NASA has asked a team of scientists to figure out what they could learn from sending a major mission to Venus and how such a mission might work.
Last month, the team became one of 11 groups that NASA announced it would fund to study potential mission designs. Dubbed Venus Flagship, the mission would aim to answer questions about how habitable our evil-twin planet once was. Mission principal investigator Martha Gilmore, a geologist at Wesleyan University in Conn., offered an introduction to the project at a meeting on Nov. 8 of the Venus Exploration Analysis Group, which advises NASA.
Gilmore explained that the project was guided by looking for signs of past habitability on Venus. "It's always been important for Venus science; it is getting increasingly important and perhaps accessible and a little bit better understood," Gilmore said. "If we're going to tackle a problem like this, a flagship could do that."

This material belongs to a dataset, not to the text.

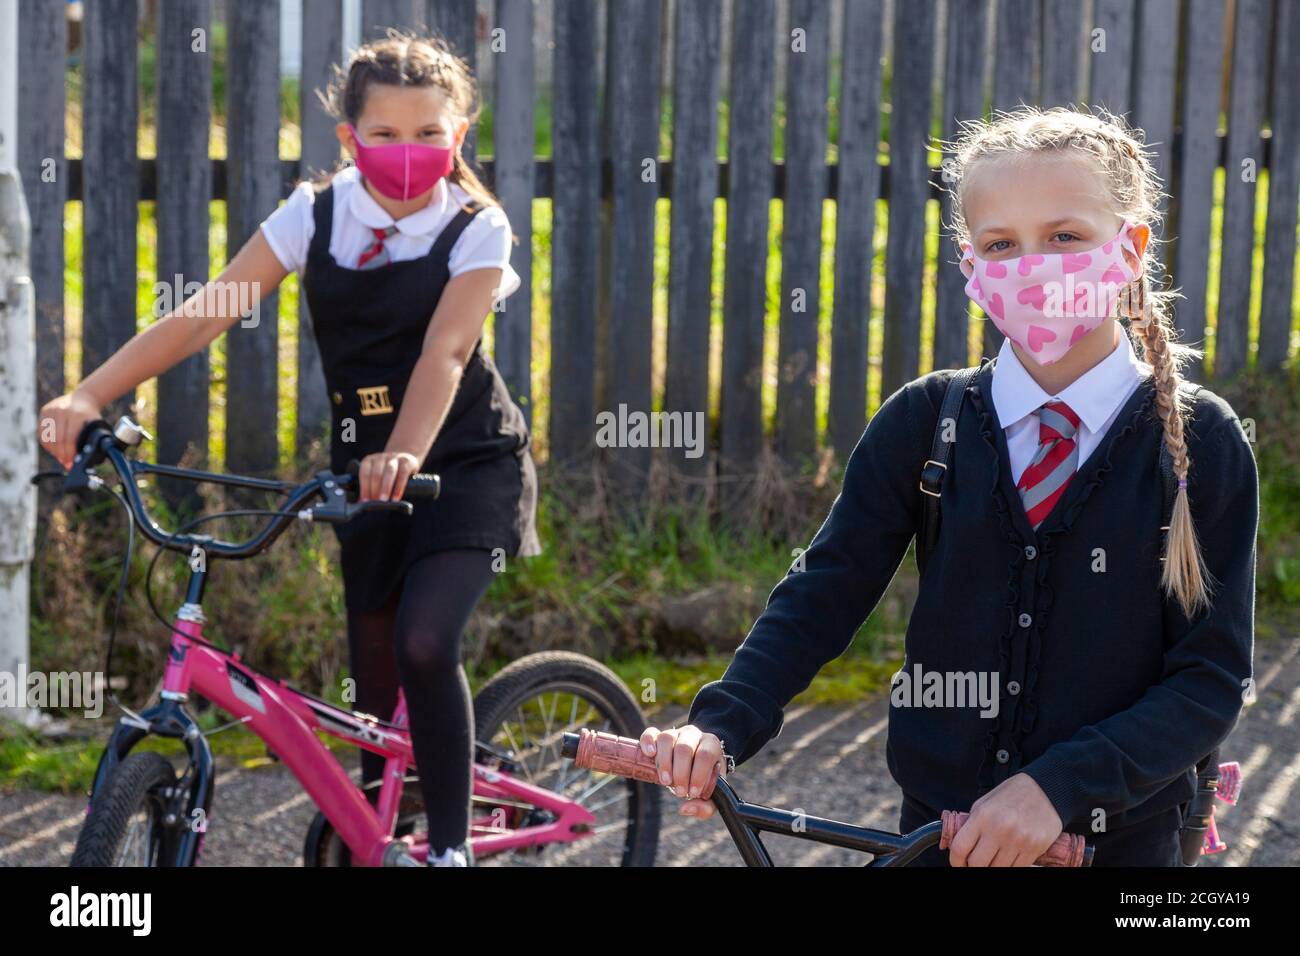 Zwei zehnjährige Schulfreunde in Schuluniformen sitzen auf Fahrrädern und tragen Gesichtsmasken. Stockfoto

The term flagship mission refers to a specific class of NASA project, the most expensive class in the planetary science division of the agency. (Flagship missions that are currently being built include the Europa Clipper mission, which aims to better understand the potential for life on Jupiter's icy moon.)
Recently, Venus scientists have typically focused their mission concept proposals exclusively on smaller classes. In addition to cheaper endeavors, the researchers want to convince NASA to dedicate the most expensive class of mission to Venus, which last saw a long-term U.S. spacecraft visitor in 1994. To better their odds, the team is still aiming to be a cheaper option for the agency's tight budget.
"We want to try to do this for $2 billion," Gilmore said. "Four billion dollars is a lot of money, and we are entering a decade where there are other things that are going to be competing for the money, most notably Europa."
If the Venus Flagship mission becomes a reality, it would be particularly complex. Spacecraft would include a main orbiter, two or more smaller orbiters, two short-lived landers that would study the atmosphere on the way down, a balloon-based aerial platform and a long-lived lander. (Venus is such a harsh environment that every spacecraft to land on its surface has ceased operations within hours.)
All of those components of the project would target three different aspects of habitability on Venus that the team has identified as both scientifically valuable and feasible. The first is understanding the history of volatile compounds like water, and how their presence or absence might affect the planet's potential for life. Instruments trying to address that question might include mineral and chemical identifiers on the surface and radar instruments in orbit.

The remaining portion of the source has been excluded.